# WHAT TO PRODUCE:
Reproduce the listing that follows in full. Omit its images.

(COLLECTED DATA begins)

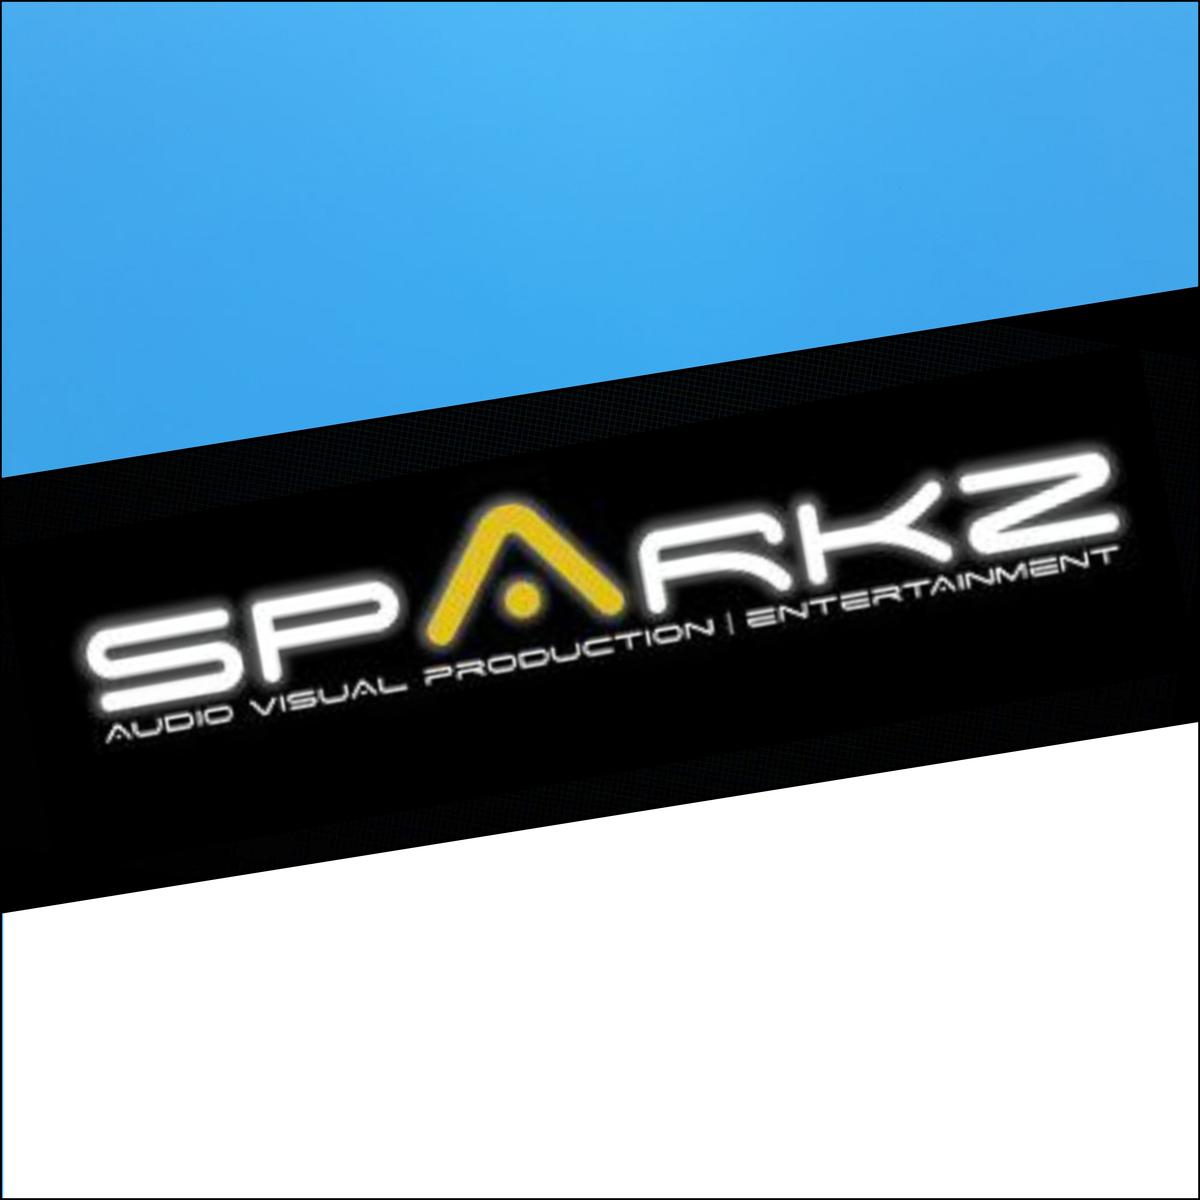 Sparkz's images
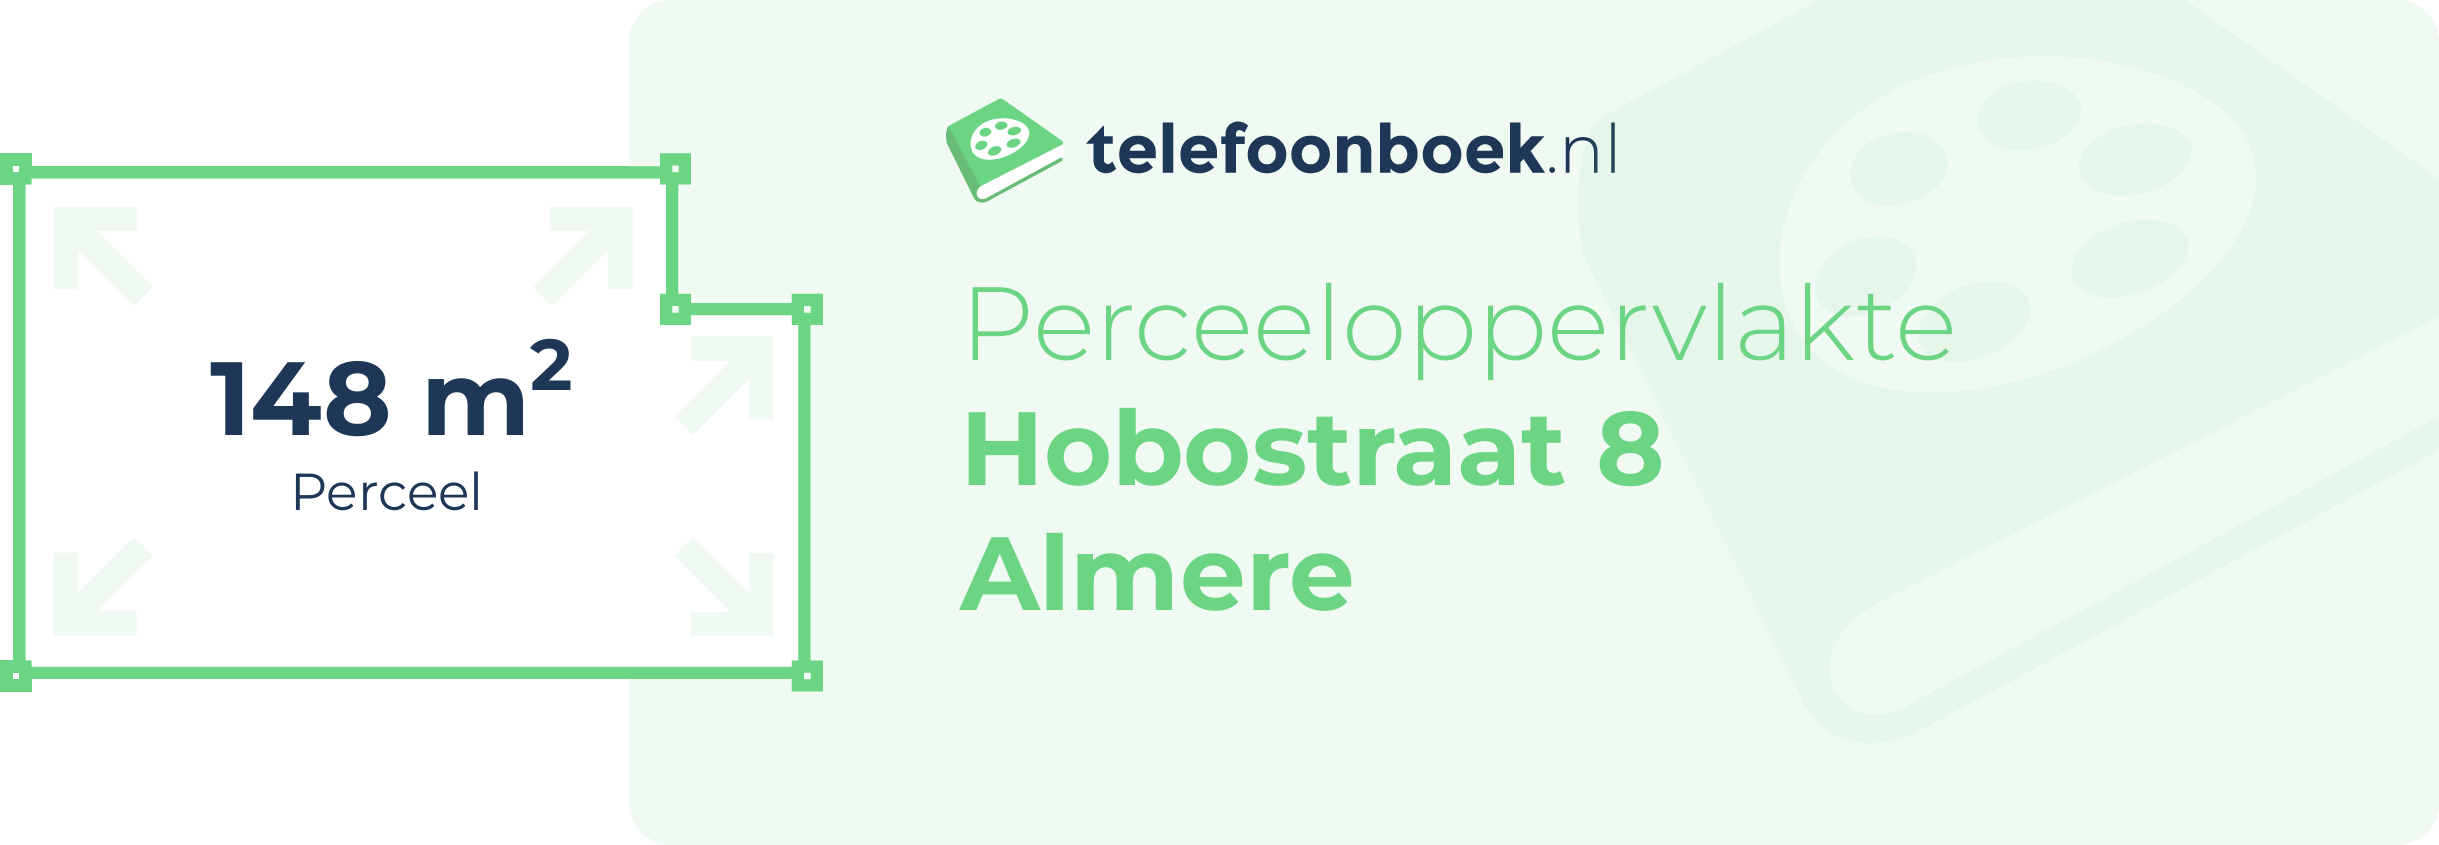 Perceeloppervlakte Hobostraat 8 Almere
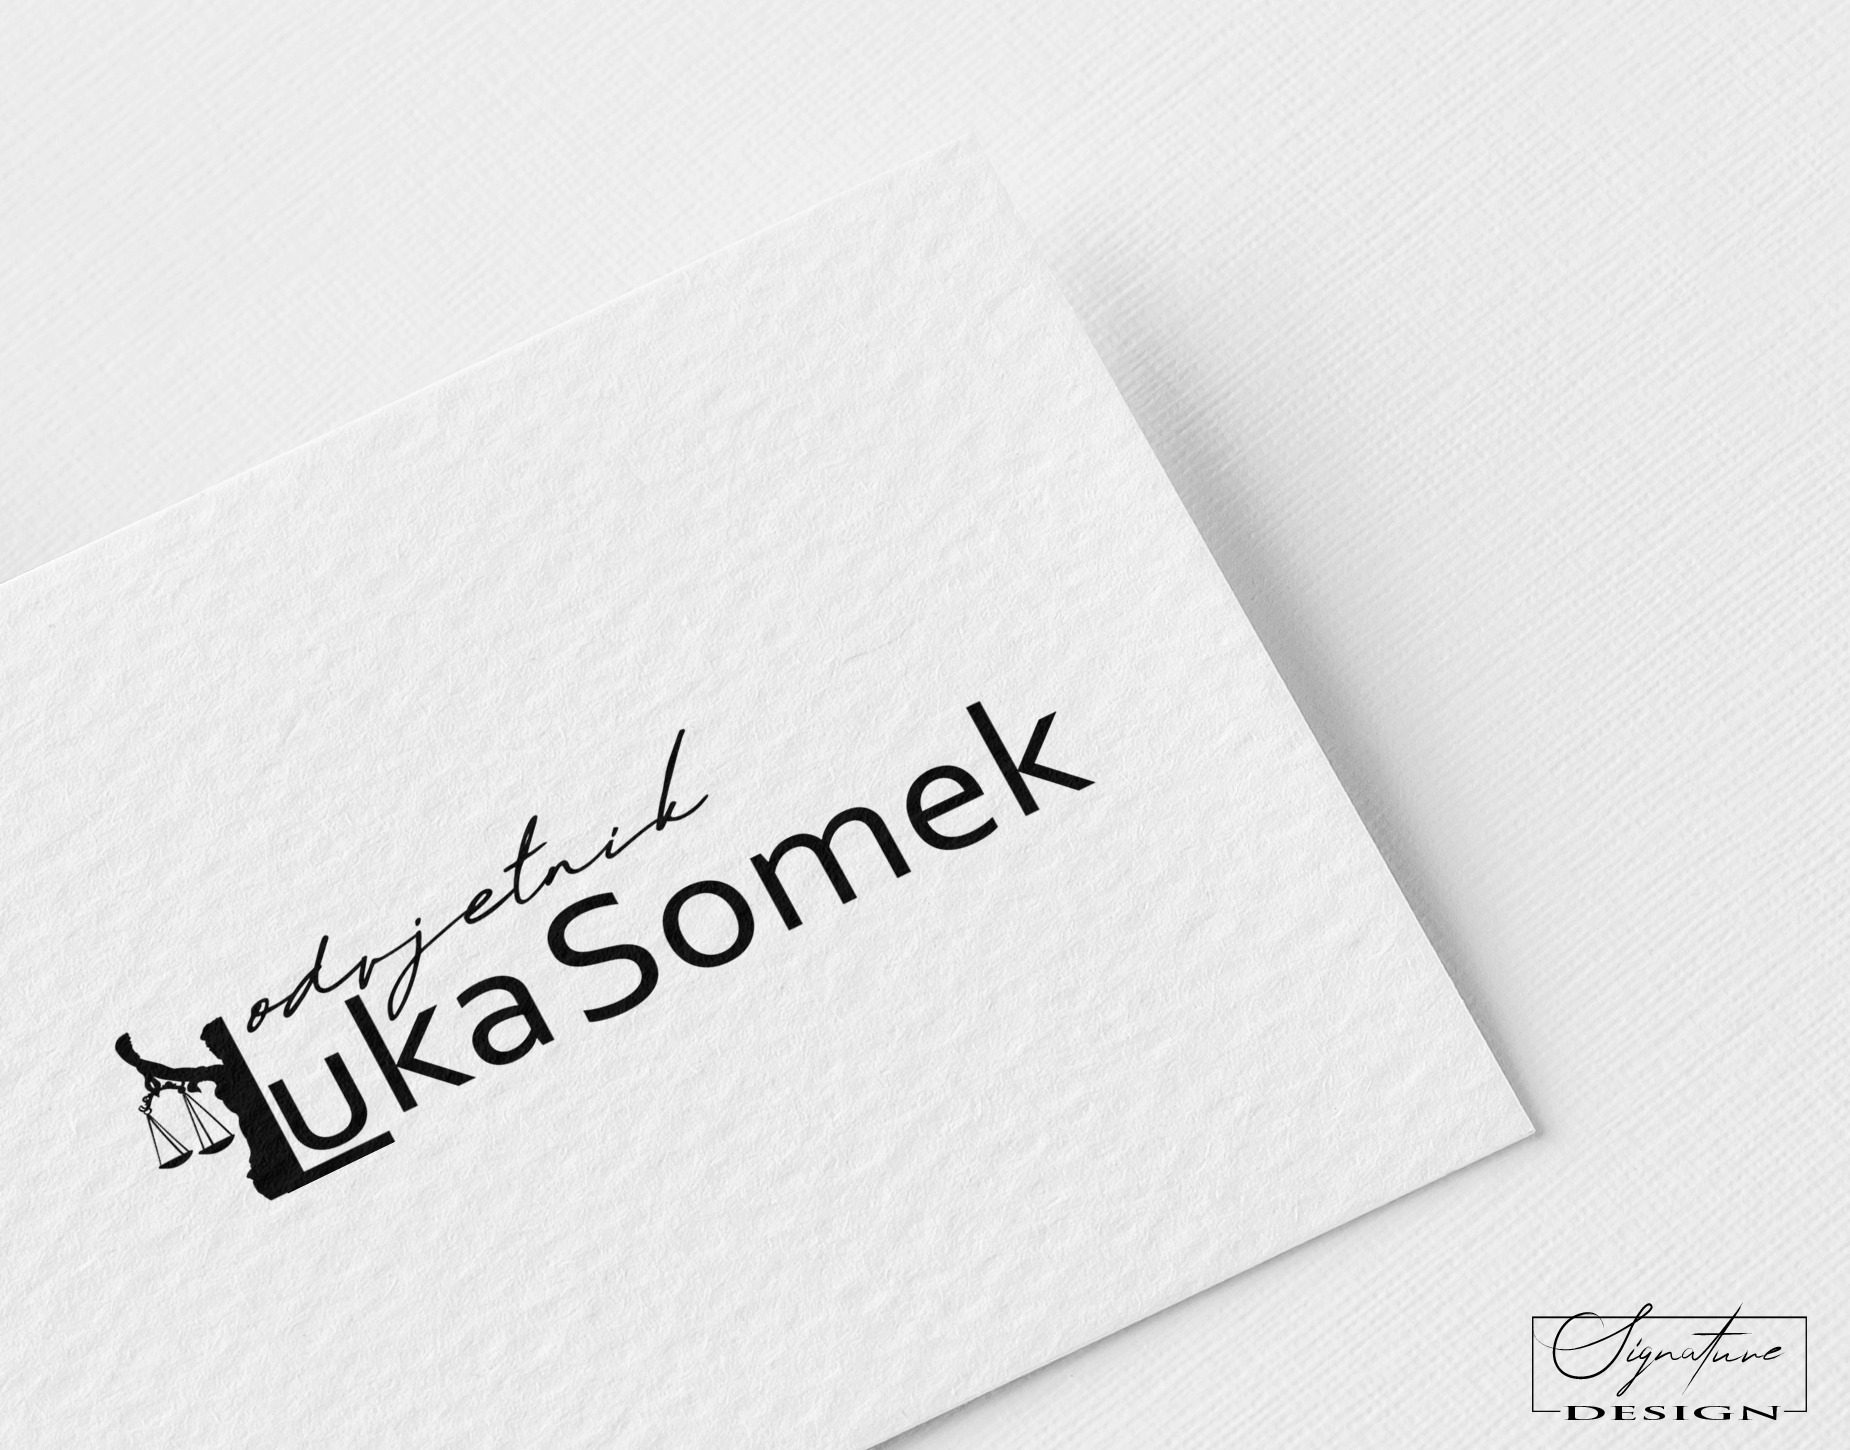 odvjetnik Somek logotip Signature Solutions Design

(COLLECTED DATA ends)

# OUTPUT OF THE TASK:
 Sparkz's images
 Perceeloppervlakte Hobostraat 8 Almere
 odvjetnik Somek logotip Signature Solutions Design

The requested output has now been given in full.